Things To Do About an Upside-Down Mortgage

Things To Do About an Upside-Down Mortgage

The decline in home values in many regions of the nation because 2006 has left many homeowners that bought homes or refinanced in 2003 through 2007 with a mortgage balance that is higher than the current value of the house. Owing more cash on a loan than the home is worth is known as being upside-down or having negative equity.

Considerations

The very first step is to evaluate your home’s worth, your mortgage and your personal finances. You need to determine if the mortgage is still affordable and if it can change later on. For instance, if the loan is interest only, the payment will increase significantly when the interest-only period runs out. Evaluate the loan amount to the house worth. If the house is worth half of the loan worth, drastic measures may be the optimal solution. If the house is worth 10 or 20% less than the loan value, you may have more choices.

Warning

The drastic remedy to get out of an upside-down mortgage would be to submit a voluntary foreclosure, where the lender chooses the home back, or a brief sale. A brief sale is when the home sells for less than the loan amount, but the creditor accepts the lower price as complete payment on the loan.

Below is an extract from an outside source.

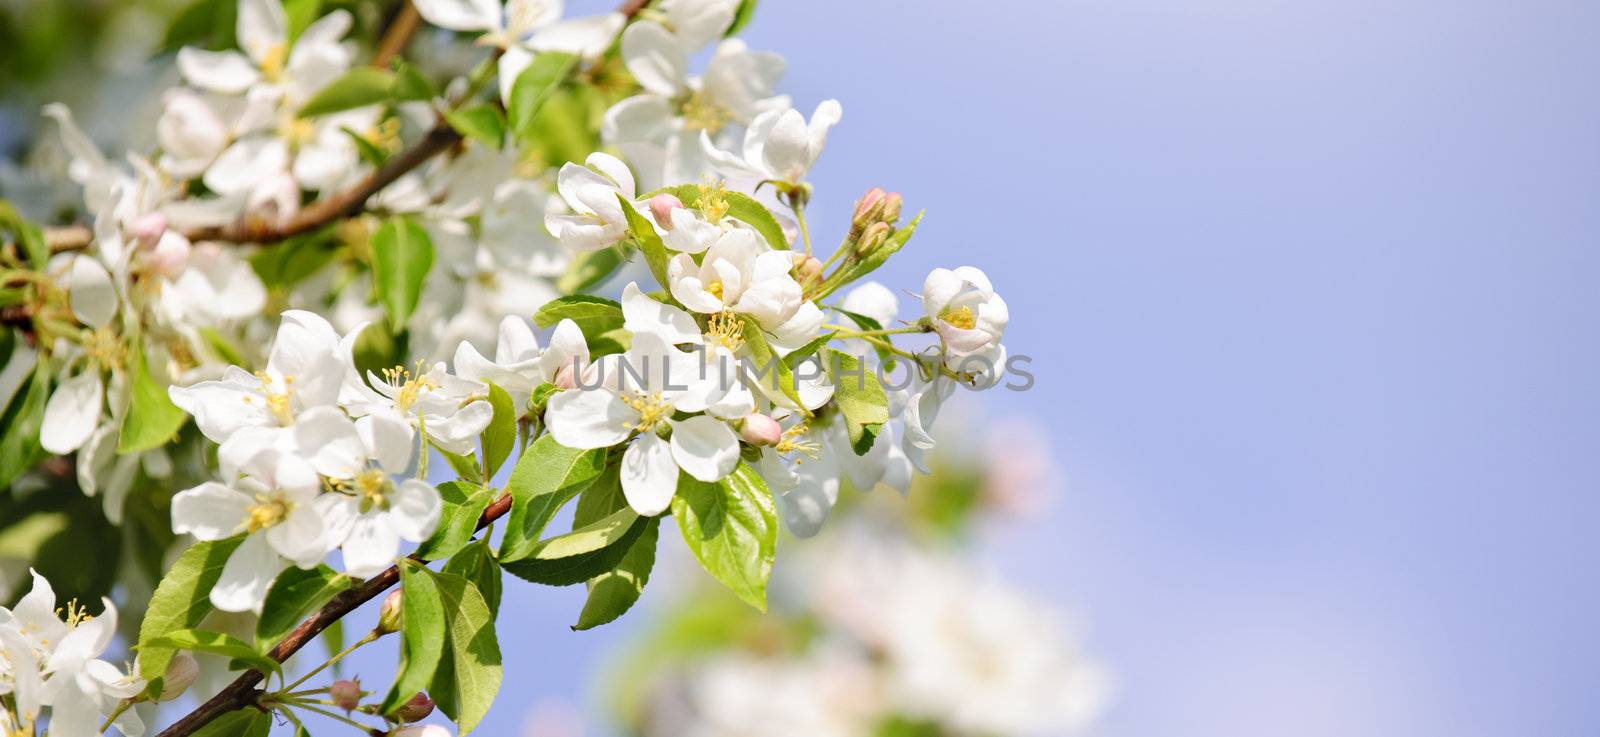 Blooming apple tree by elenathewise

Either option may have a serious negative impact on your credit rating and will influence your ability to buy another house or to borrow cash.

Modification

It can be possible to receive a modification to your home loan to make it more affordable. The government’s Home Affordability Software encourages and pays mortgage businesses to work with homeowners to modify their mortgages for reduced payments. Most modification programs don’t decrease the principal amount of the loan, but might make monthly payments more affordable so that you can remain in your home. The authorities modification plan allows fluctuations in interest rates to lower the payment, and the loan amount can be up to 125% of the house’s value.

Resources

Should you have to make a change on your home situation, talk to a housing counselor. The Hope Now website is run by the U.S. Department of Housing and Urban Development’s approved counseling agencies and mortgage companies to give help to homeowners. HUD also has a page on its site providing information on home advisers in your area.

Possible

A developing trend is cash-in mortgage refinancing, according to”The Washington Post.” It’s becoming more common for homeowners that want to maintain their homes and refinance at lower interest rates to pay in money to lower the loan amount and qualify for a mortgage. In a February 2010 article,”The Washington Post reported that in refinances through Freddie Mac, 33 percent of taxpayers were paying money to lessen the mortgage amount and receive a lower interest rate.